» **What you need to do**:
From the first line to the last, set down the material exactly and drop every picture.

---- Supplied information

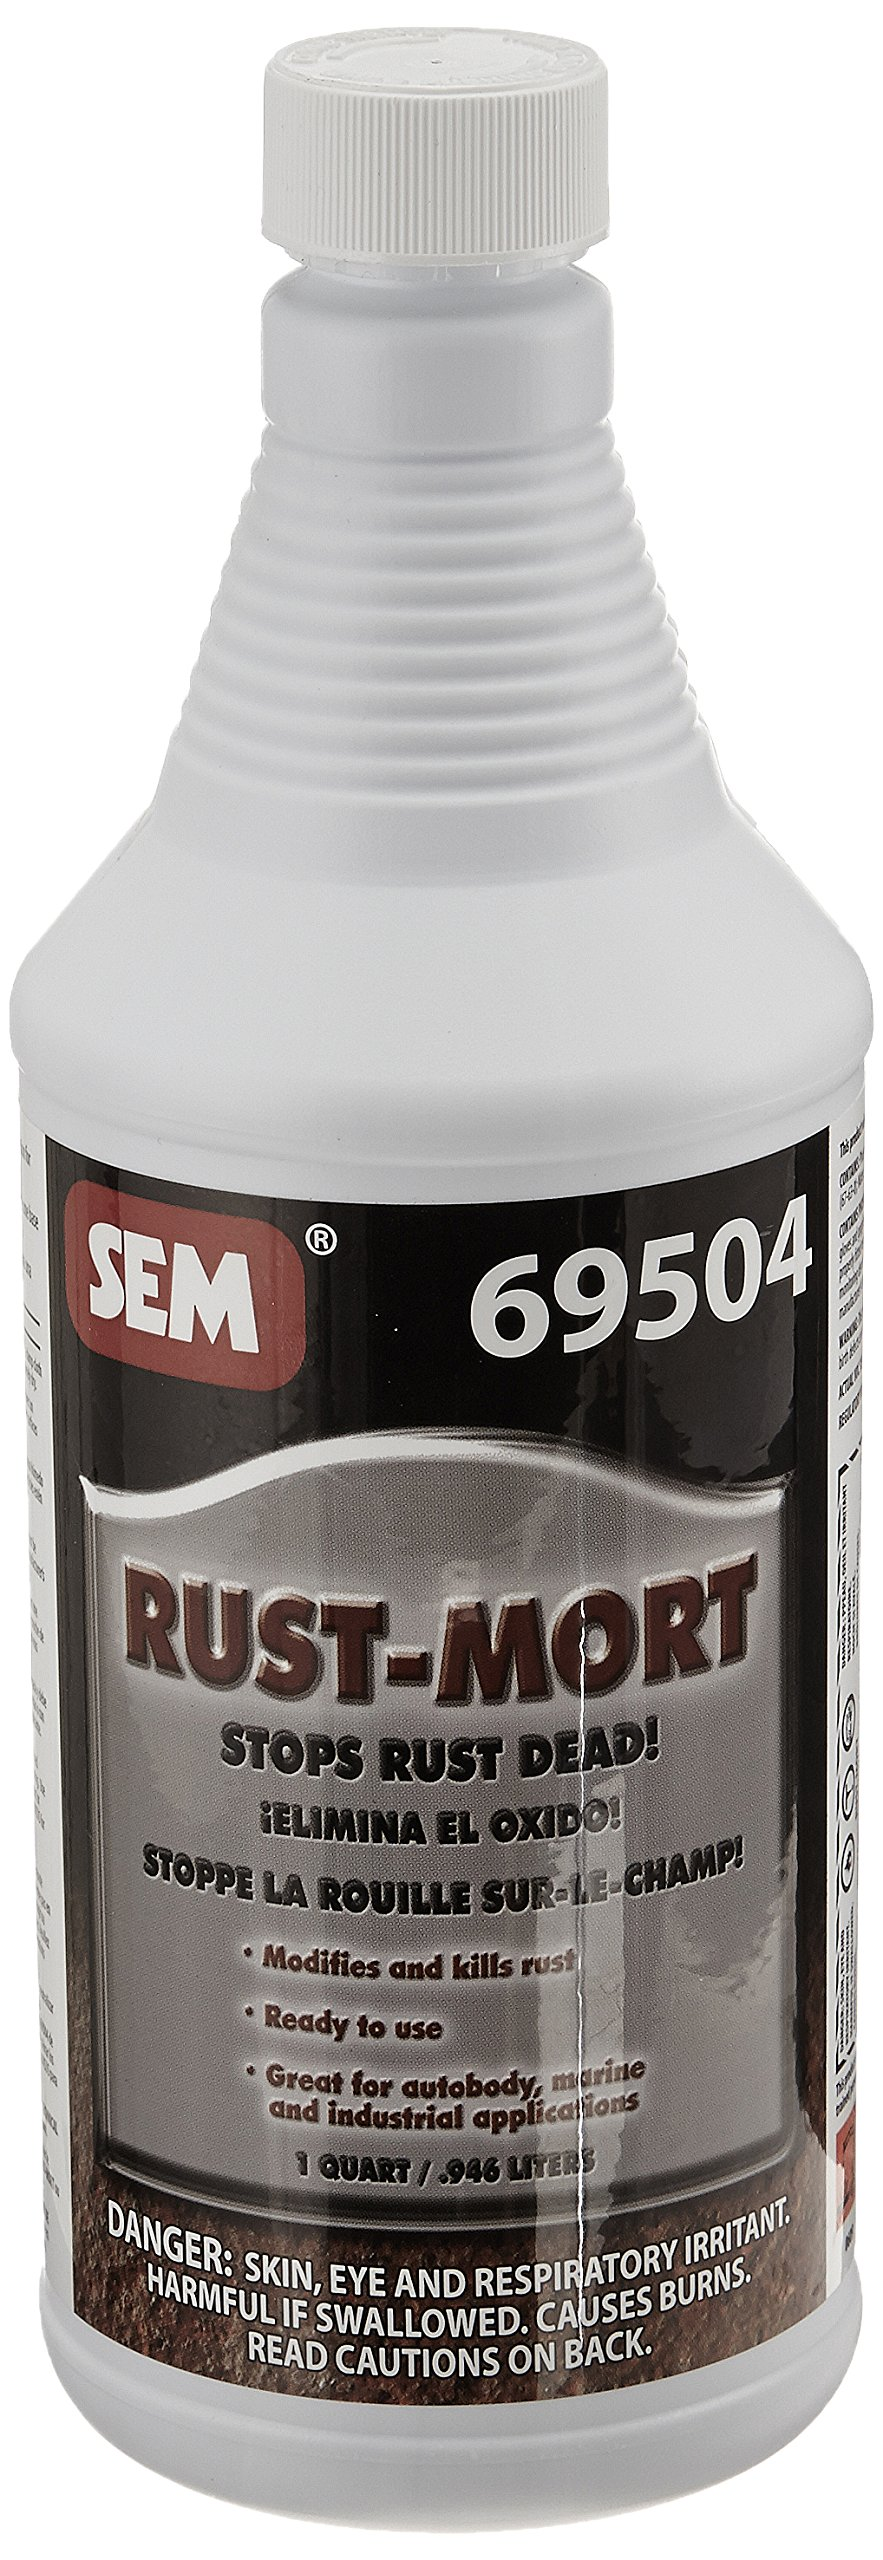 SEM 69504 Rust Mort - 1 Quart
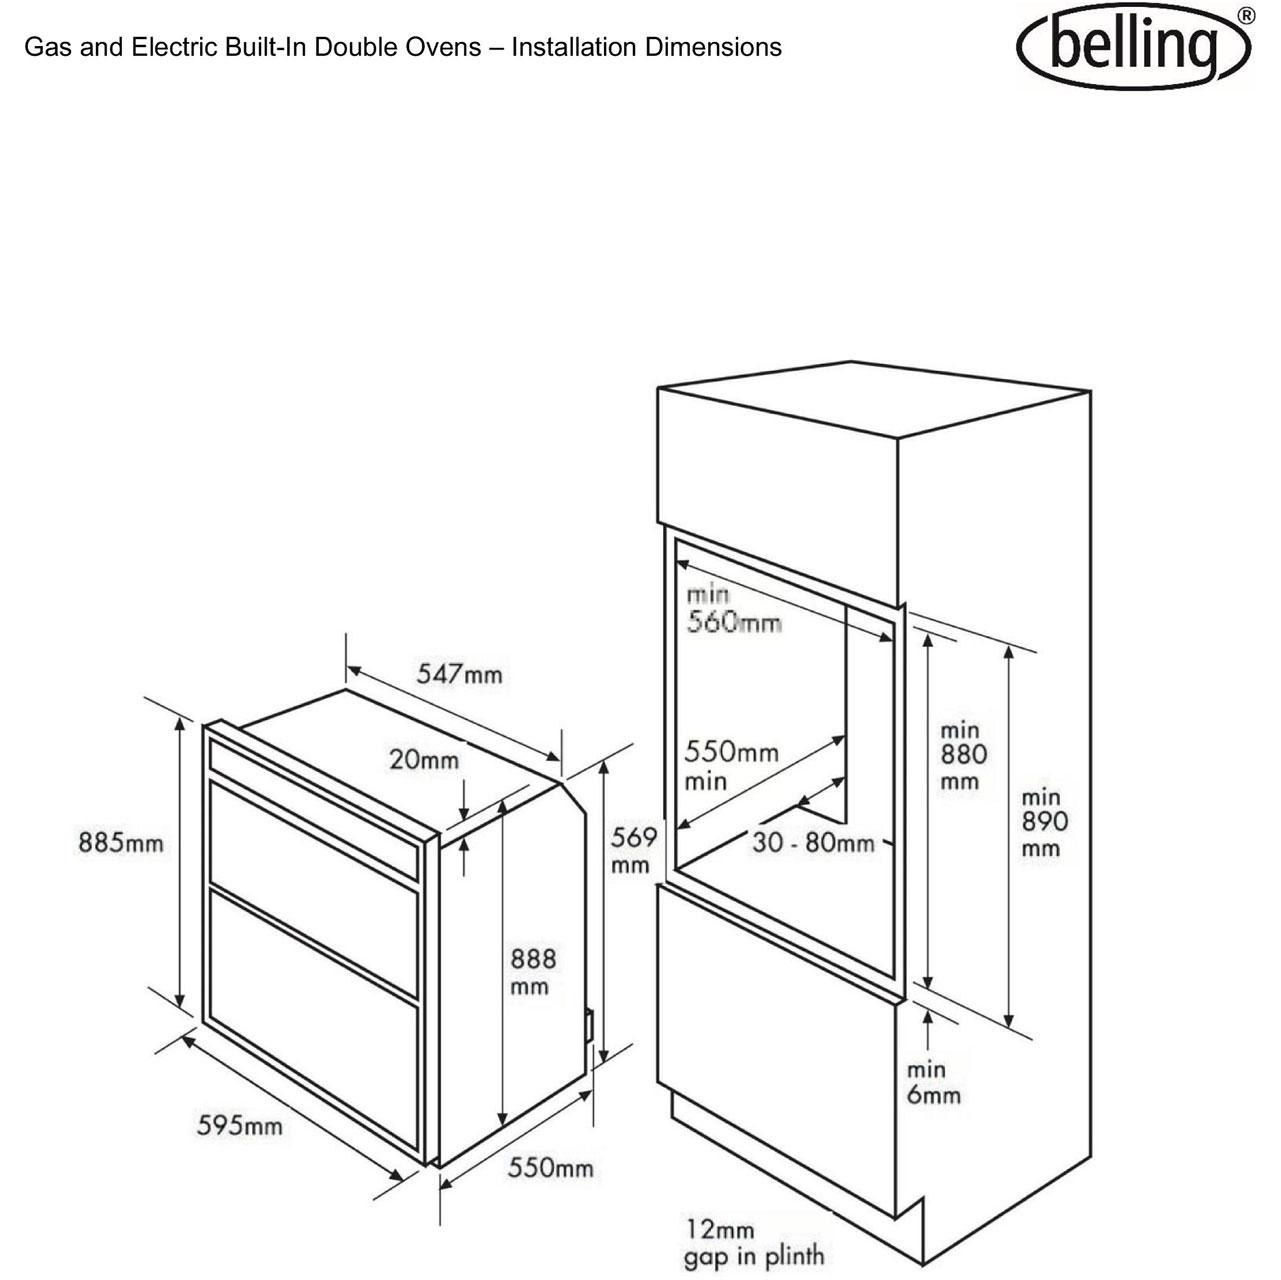 Bi90fp bk belling doubleoven dim l belling bi90fp built in double oven stainless steel belling cooker wiring diagram at aneh
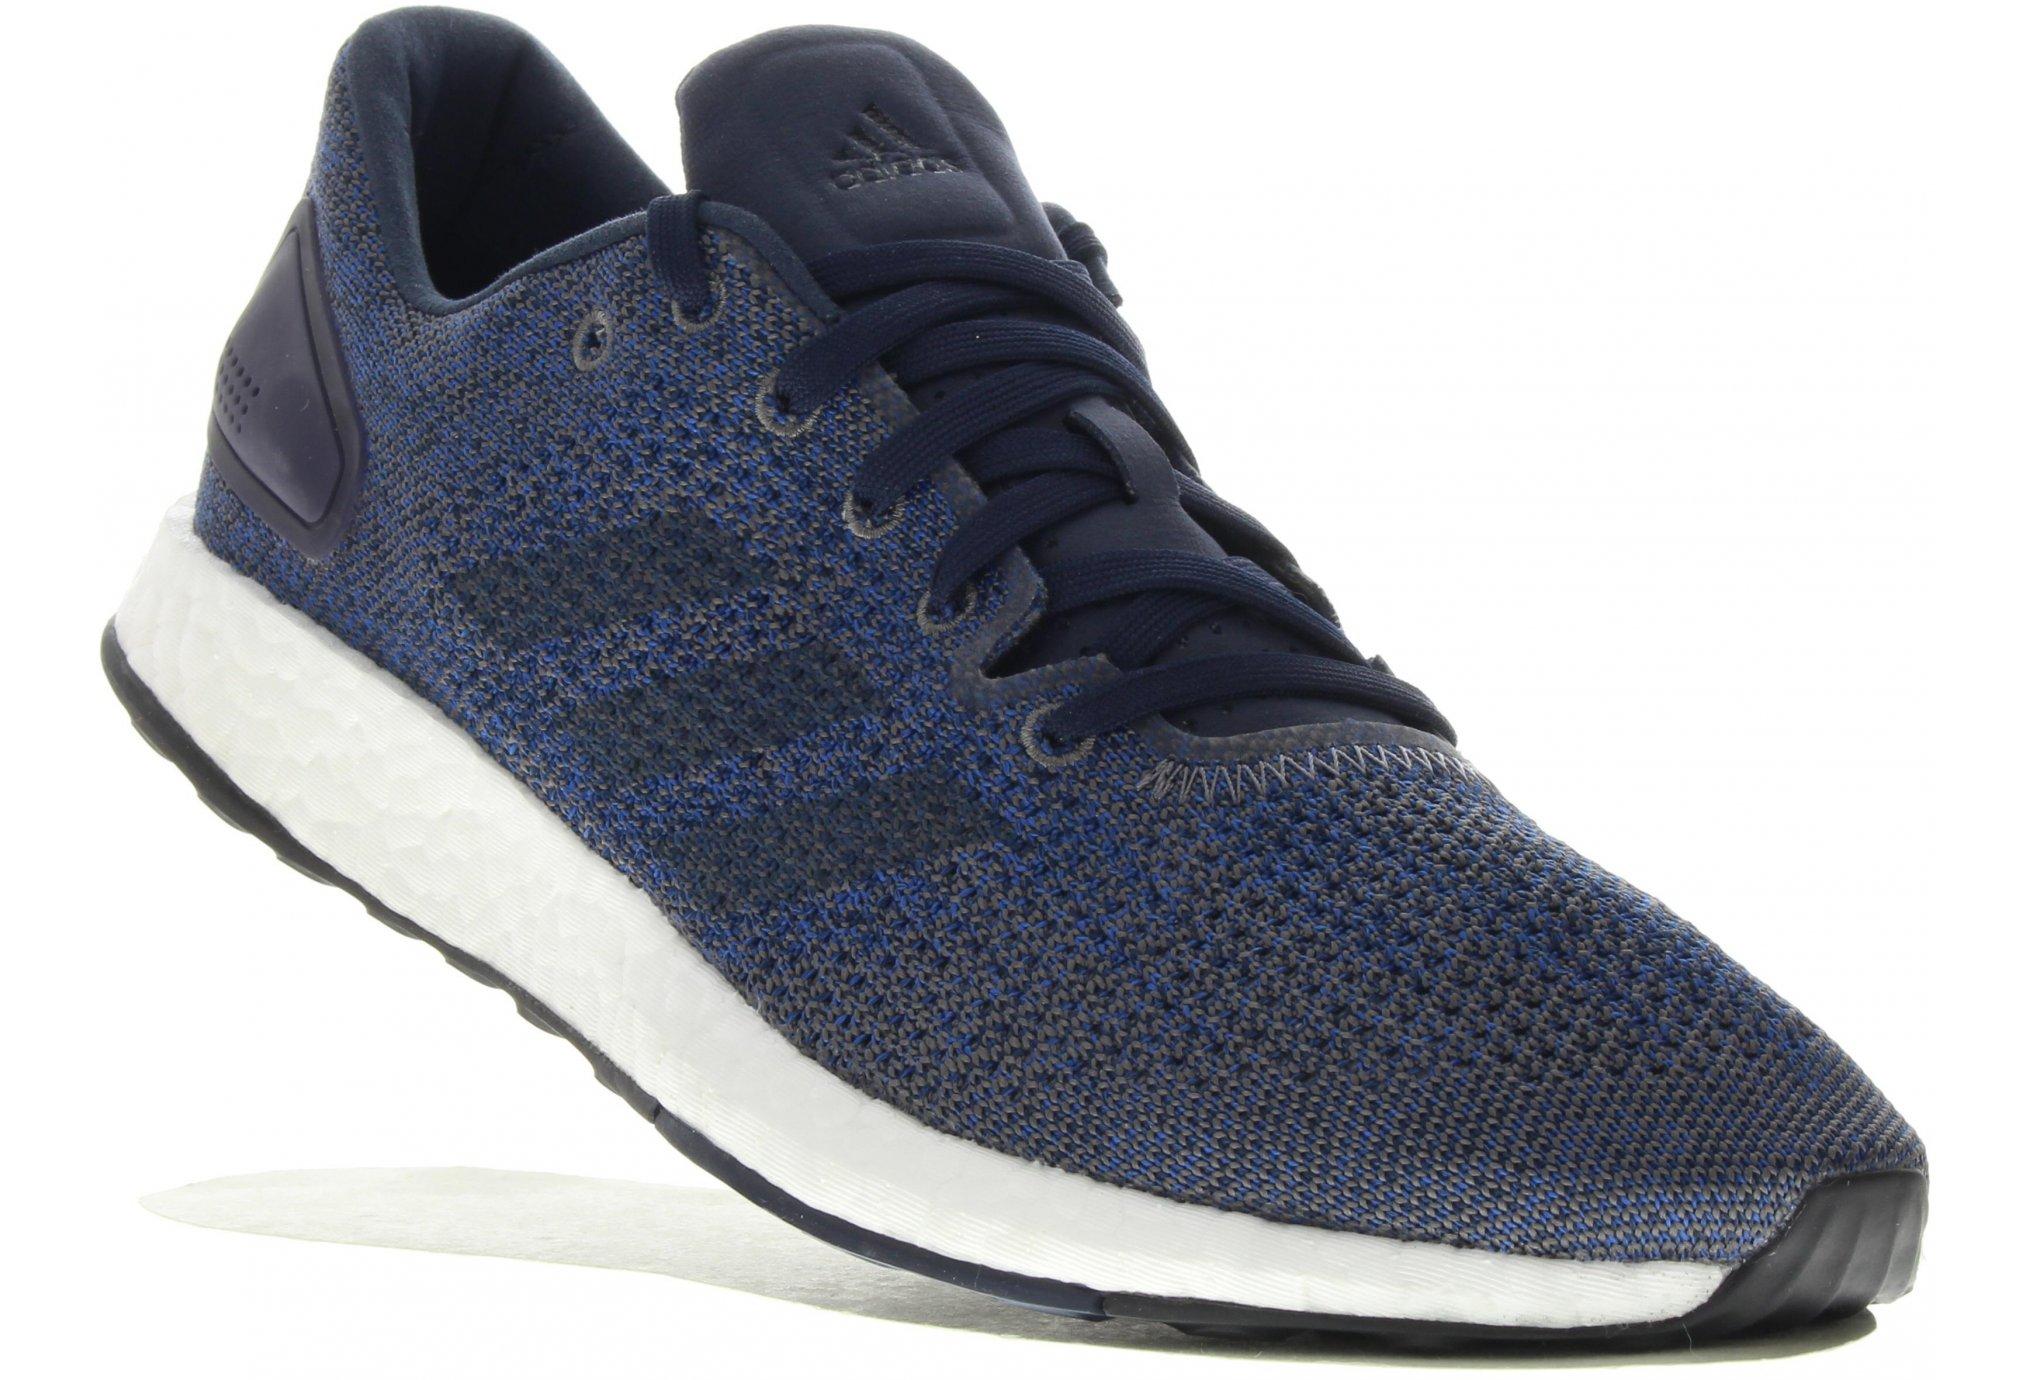 Adidas Pureboost dpr m diététique chaussures homme

--------

» **Exercise output**:
 SEM 69504 Rust Mort - 1 Quart
 Bi90fp bk belling doubleoven dim l belling bi90fp built in double oven stainless steel belling cooker wiring diagram at aneh
 Adidas Pureboost dpr m diététique chaussures homme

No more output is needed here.